It is arguable whether a bar is the right venue for jazz in the 21st century. On any given night most of the punters are there for a chat with friends over drinks, maybe to pick someone up, and just perhaps to appreciate the music. For the last decade, Japanese pianist Eri Yamamoto
and her trio have held down a regular weekend gig at Arthur's Tavern
in NYC's Greenwich Village. Anyone who has made their way along the narrow bar to the miniscule performance space at the far end is in for a treat.
Yamamoto was inspired to move to NYC and take up jazz after hearing pianist Tommy Flanagan
on a visit and falling in love with his swing and harmonic finesse. Like her previous Aum Fidelity releases including In Each Day Something Good
(2010) and Redwoods
(2008), this seventh outing by her trio charts a personal take on the modern mainstream. Over the course of a generous 70-minute program, split by 60 seconds of silence to replicate two sets, they make sophisticated interplay seem effortless, without resorting to showy effect or abstraction.
Yamamoto's builds her attractive happy-sad tunes from catchy motifs and understated blues inflections, before extending them into rhythmically insistent horn-like solos. Bassist David Ambrosio
plies garrulous counterpoint, reaping almost as much time in the spotlight as the leader for his tautly considered lyrical solos. Ikuo Takeuchi's airily propulsive drumming buoys without ever descending into a constant pattern: he implies the beat from closely assembled fragments, even at speed. Takeuchi has been with the pianist since the start, while Ambrosio's tenure stretches back to 2004. With so much shared history, it is no surprise that they cohere as a telepathic unit.

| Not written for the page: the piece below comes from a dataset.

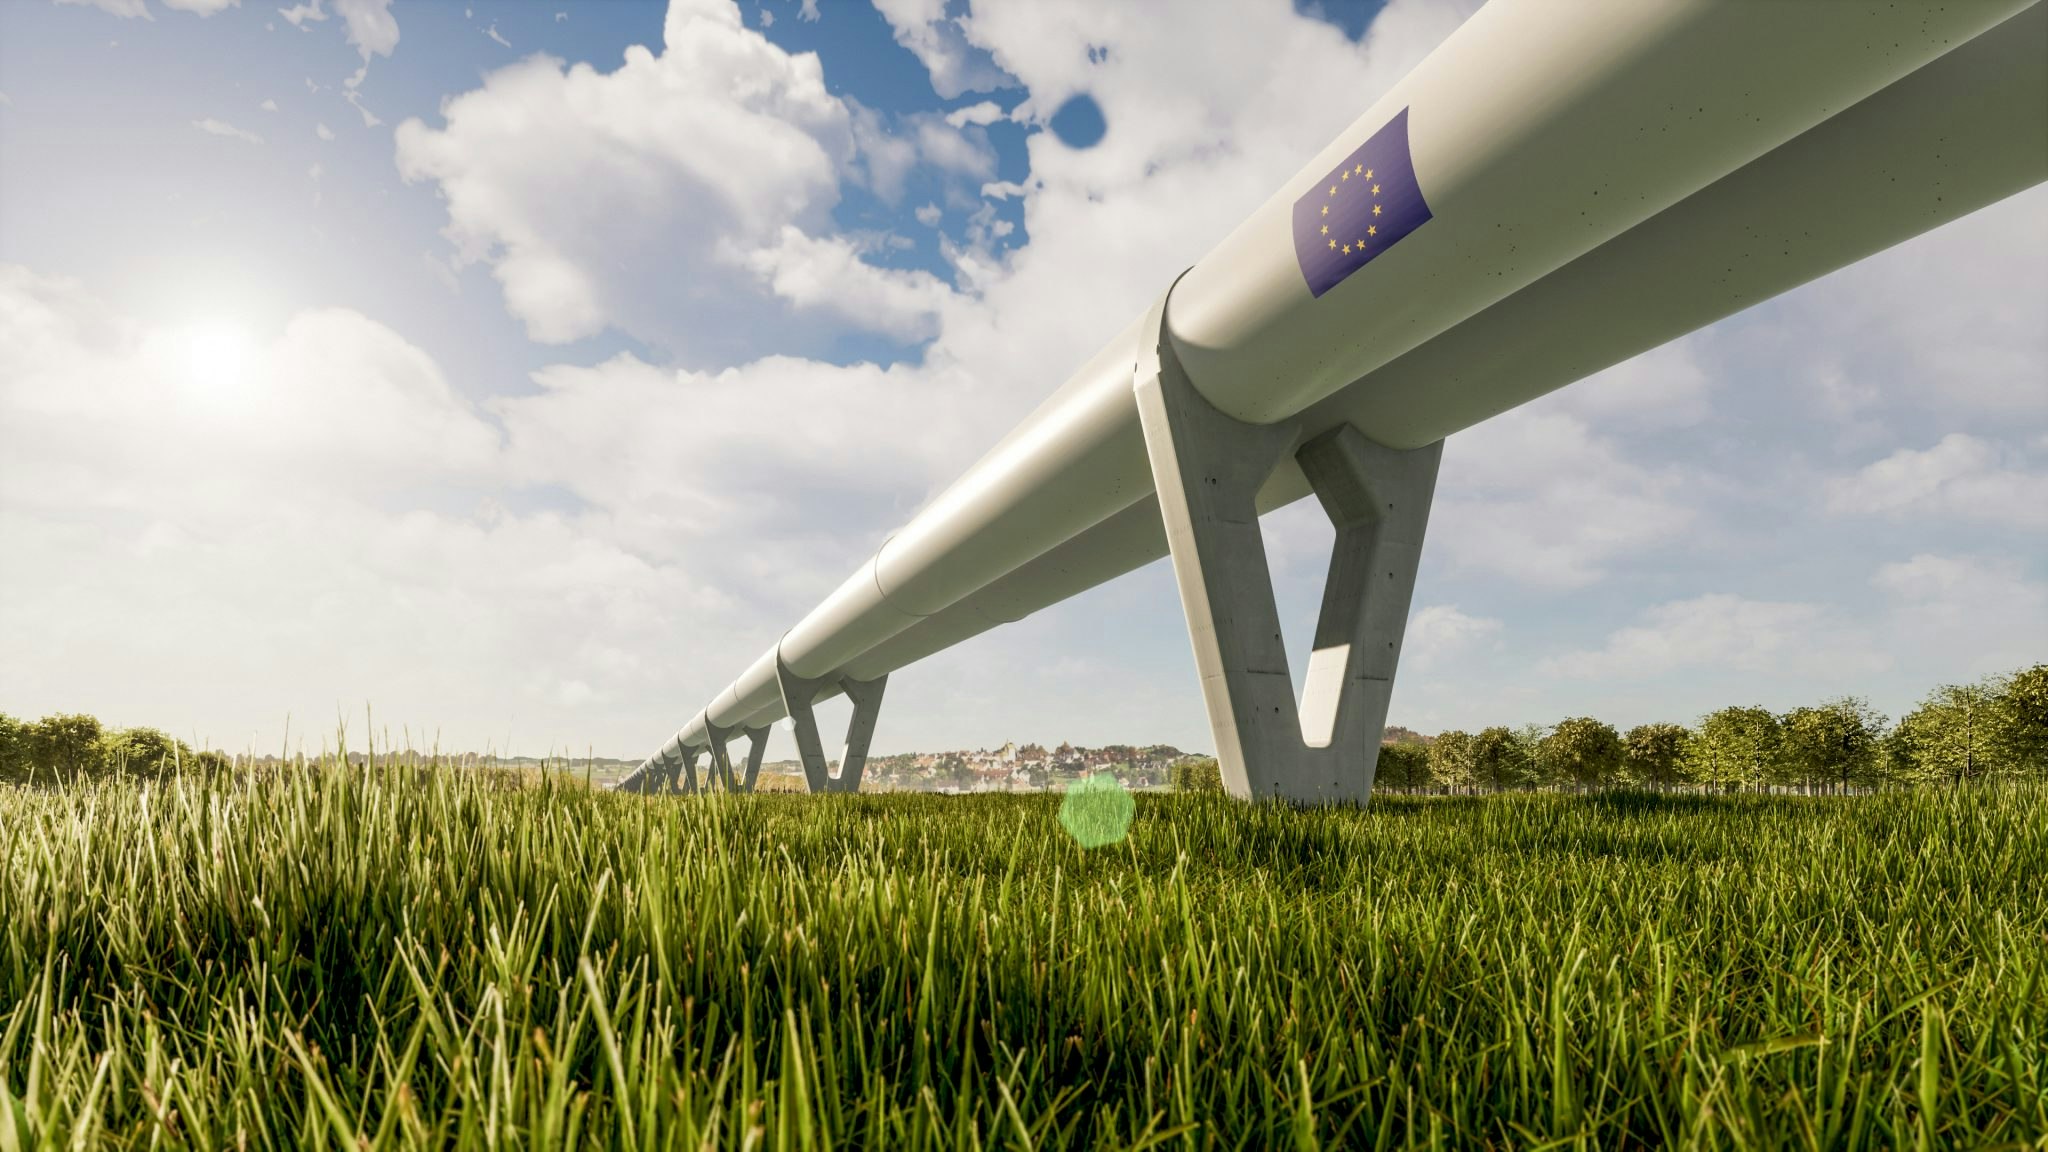 Zeleros hyperloop tunnel over a field of grass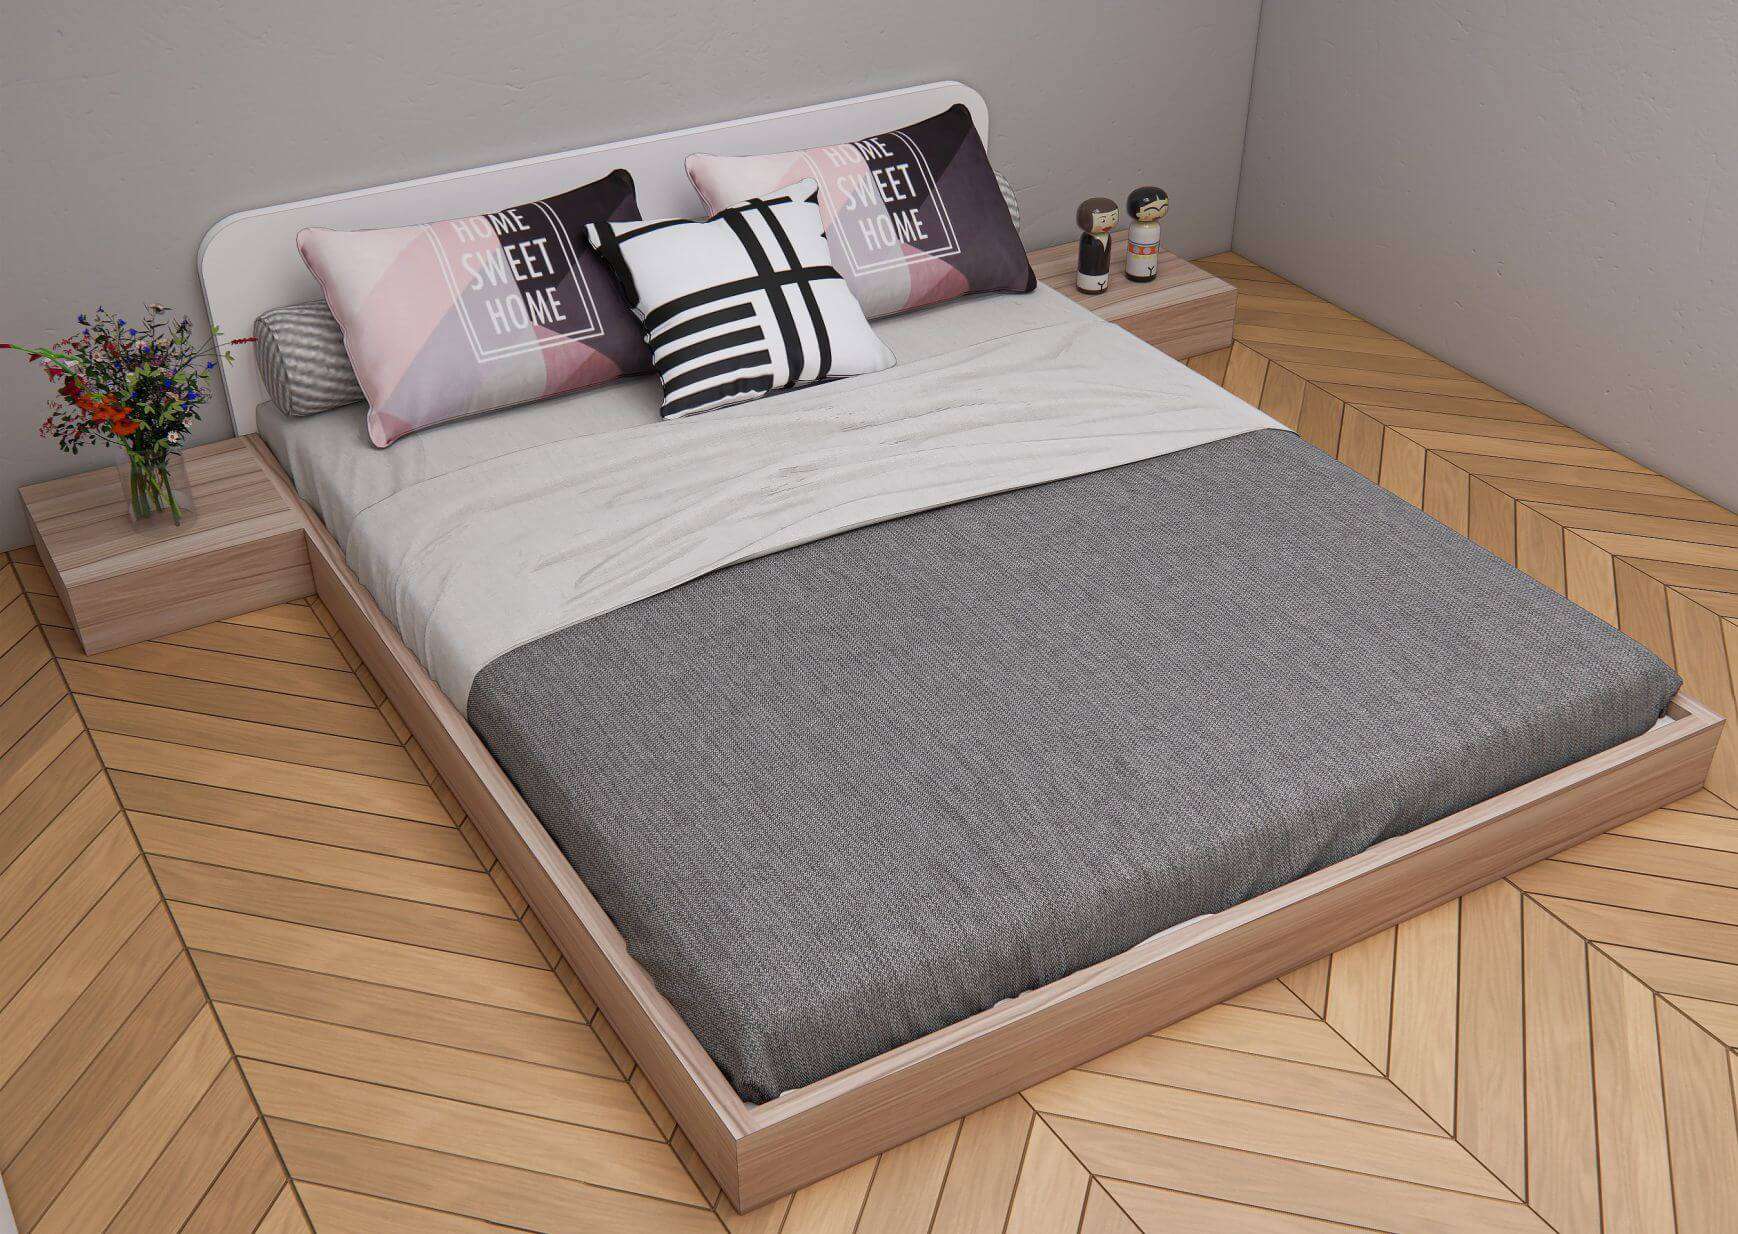 Giường bệt được làm từ gỗ xoan đào

From the spare clipped melody and cantering bass vamp of "Just Walking" to the exuberantly rousing set closer, "Swimming Song," via the gently lilting "Dark Blue Sky," each musican is alert to the others felicities. Neat touches abound, like when all three lock briefly into a pleasing cadence on the sunny yet soulful "Green Grows" or when they playfully compress and expand tempo before building tension to a feverish crescendo with the author's drums prominent on Tekeuchi's nervy "Up and Down" (the only cut not penned by the pianist).
Economic realities mean that appearances in bars are unlikely to disappear any time soon. While Yamamoto's combo could make for a very pleasant backdrop to conversation, for those who dig below the surface there is a wealth of musical detail to savor.